Gutenberg's Apprentice: A Novel by Christie Alix

Gutenberg's Apprentice: A Novel by Christie Alix

Author:Christie, Alix [Christie, Alix]
Language: eng
Format: mobi
Publisher: HarperCollins
Published: 2014-09-22T16:00:00+00:00


Each piece of type by then had gone beneath the press some thirty, forty times. The faces had begun to chip, the edges wear. The first they cast had never been that sharp to start with. There came a day when Hans decreed they had to stop and melt them down, and cast some more. The master was in Strassburg to recruit, and Hans was still the foreman. He kept Mentelin at setting type, to feed one press; the others gladly spent the hours beside the forge. It was remarkable, how lightly they all worked without the master breathing fire. Each man was part, and yet apart, responsible for his own task—just like the scribes who penned the students’ books in sections. Peter thought a great deal in those days of that whole world he’d left behind. Anna did not notice any difference in him; it pained him, even as he hid his real life from her. The falsehood roiled within him, as it must have twisted inside Peter, his disciple, on the morning of Christ’s death, when three times he denied Him. How practiced he was now at lies, thought Peter Schoeffer, tossing on his narrow bed at night.

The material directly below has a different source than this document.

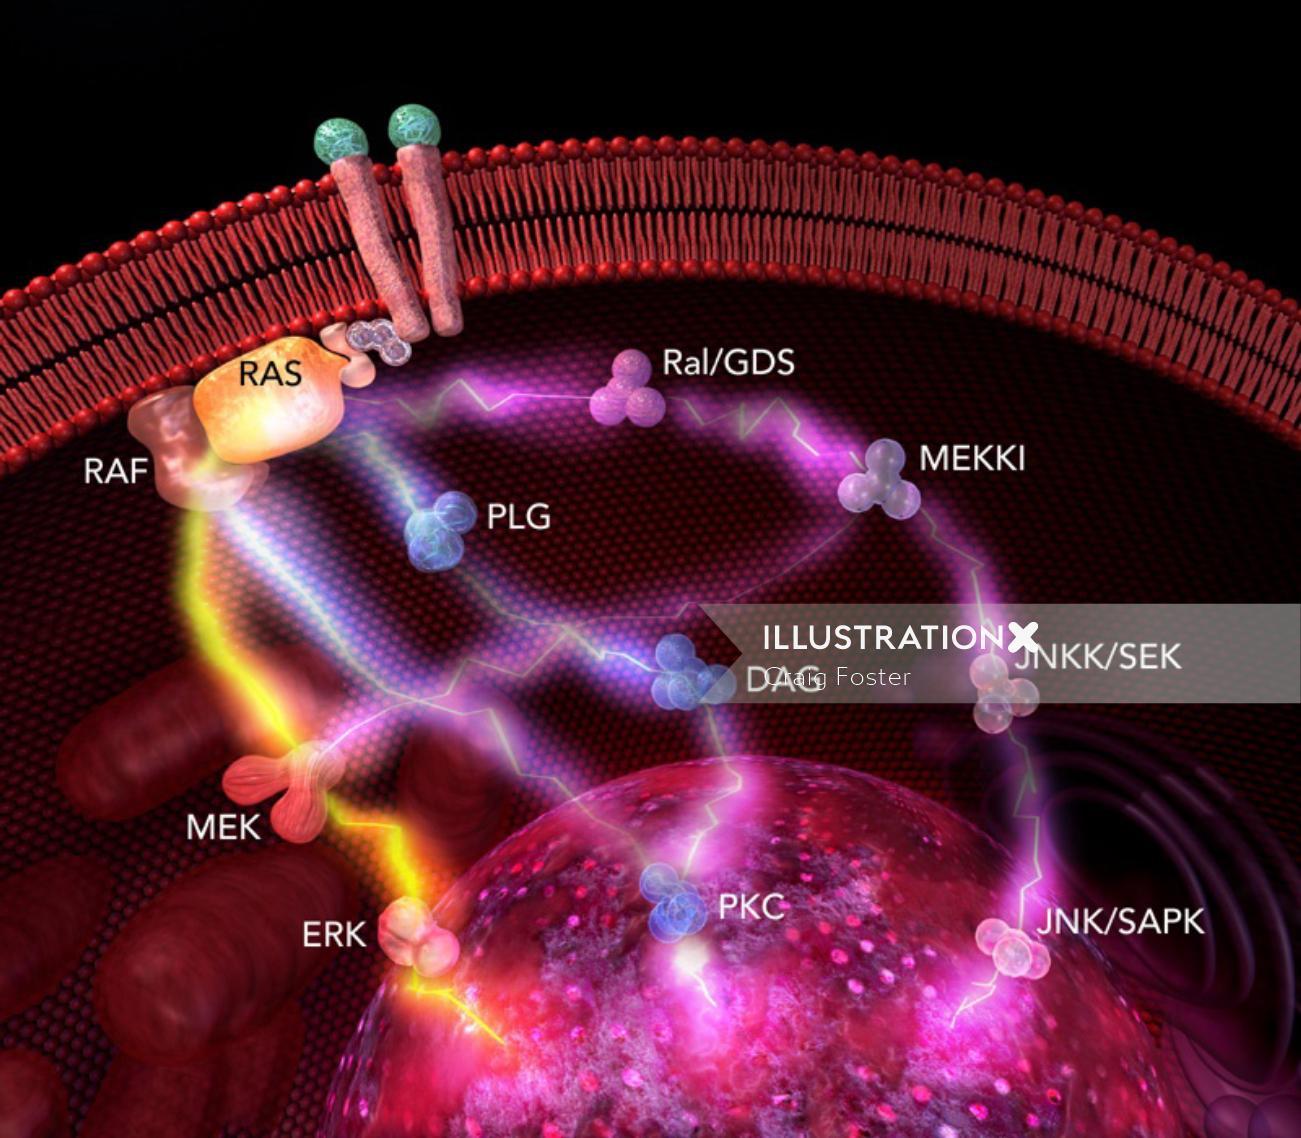 An illustration of protein pathways
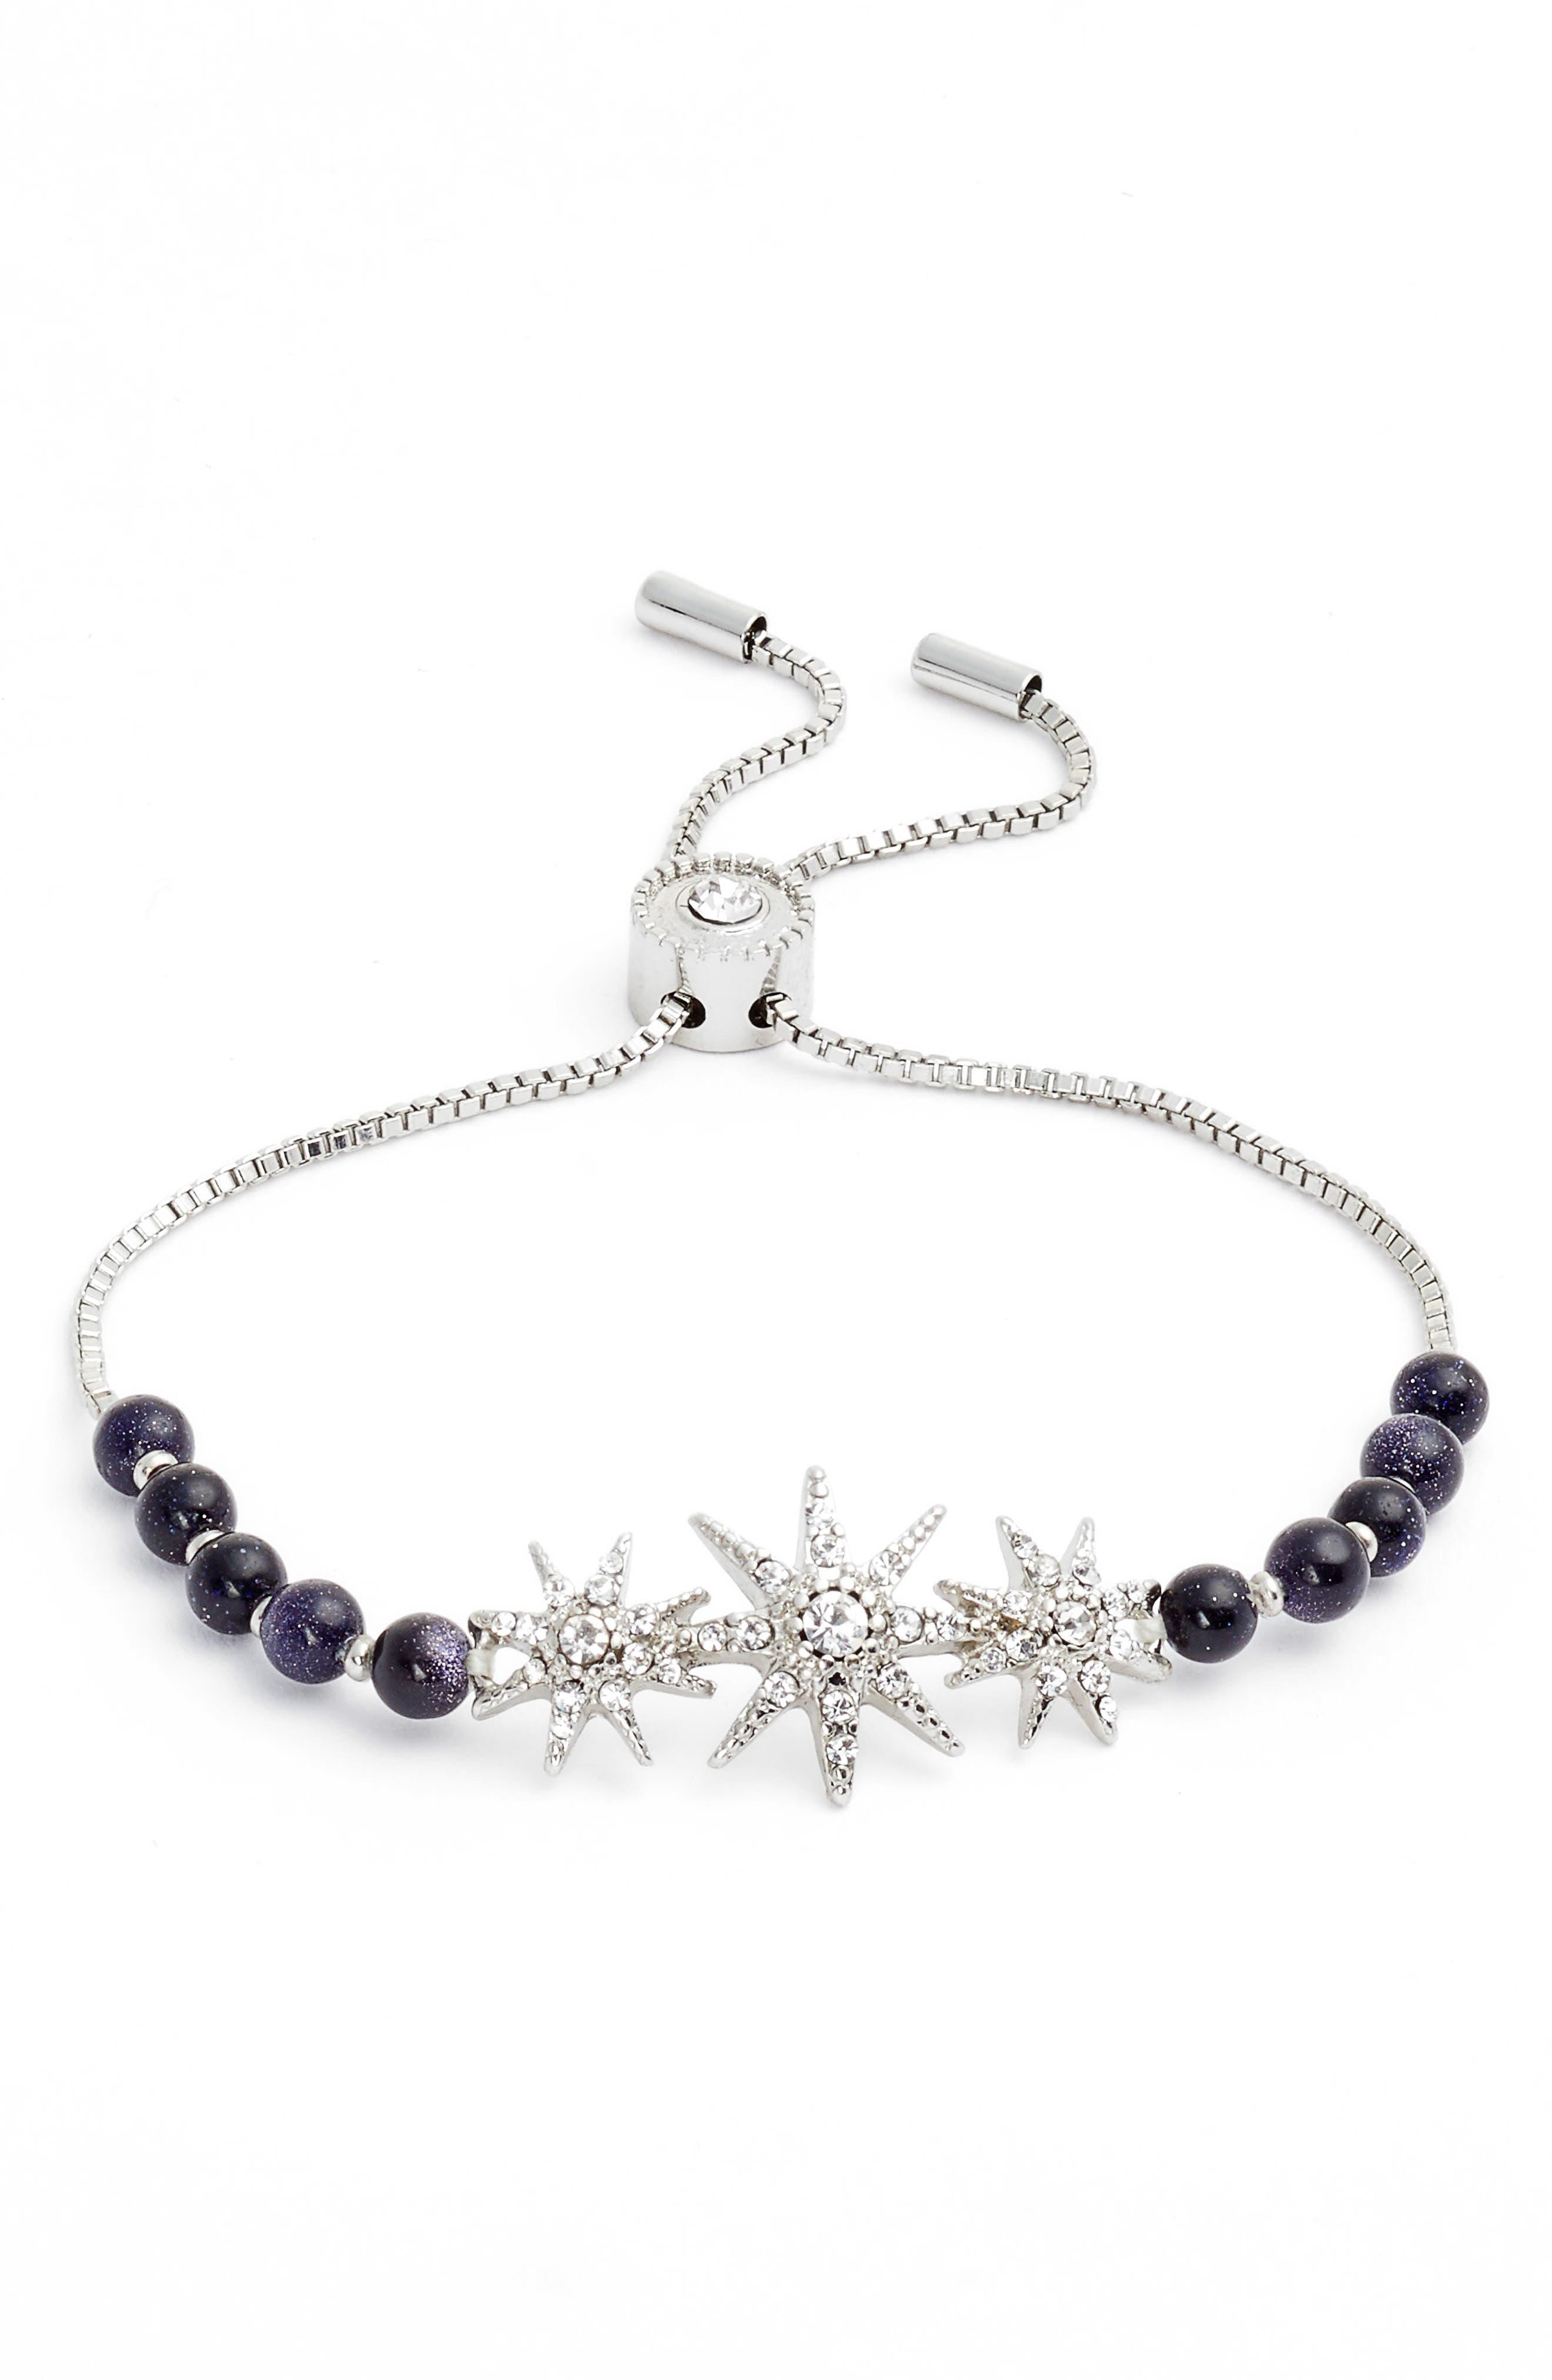 Star Adjustable Bracelet,                             Main thumbnail 1, color,                             040

The peaceful interlude was broken when the master came back unannounced one early February afternoon. Some of the men were seated, stirring; Peter cast with Götz; the boys were grinding ores. All froze the moment he stepped in.

“A pretty picture,” he said, stomping off the snow. “Though I don’t hear two presses going.” He had a youth with him, apparently the latest hire.

“We needed letters.” Hans wiped his hands and went toward him.

“I left you stocked.”

“They were too battered.” Peter stood.

“If I paid you men to think, I’d pay you more.” He cast them his disgusted scowl and went to count the finished piles. “That’s it? Good Christ.” He jerked a thumb toward the youth. “You’d better learn him quick.” Ruppel knocked the lad a stool and case; Hans and Peter quietly conferred. They’d have to cast the extra letters for this new man after hours, Hans said, or Gutenberg would burst a vein for certain.

Peter looked across the room and saw the way exhaustion dogged the master, too. His face was gray, his skin stretched thin and folded at the turned-down corners of his mouth. It was fatigue so deep it went right to the bone: Peter knew that feeling. He didn’t think enough, though, at the time, about those trips Gutenberg made, nor ask himself how they had added to the strain. The man did not divulge whom he had gone to see or what he did—he simply disappeared, then reappeared days later, grayer, sharper, more irate. At the time they chalked it up to their excruciating, crawling progress—and then the ghastly inverse speed with which the costs increased. The master wore the proof on his face: that long, dark beard, which in six months had turned to pewter, gray mixed in with anthracite and white.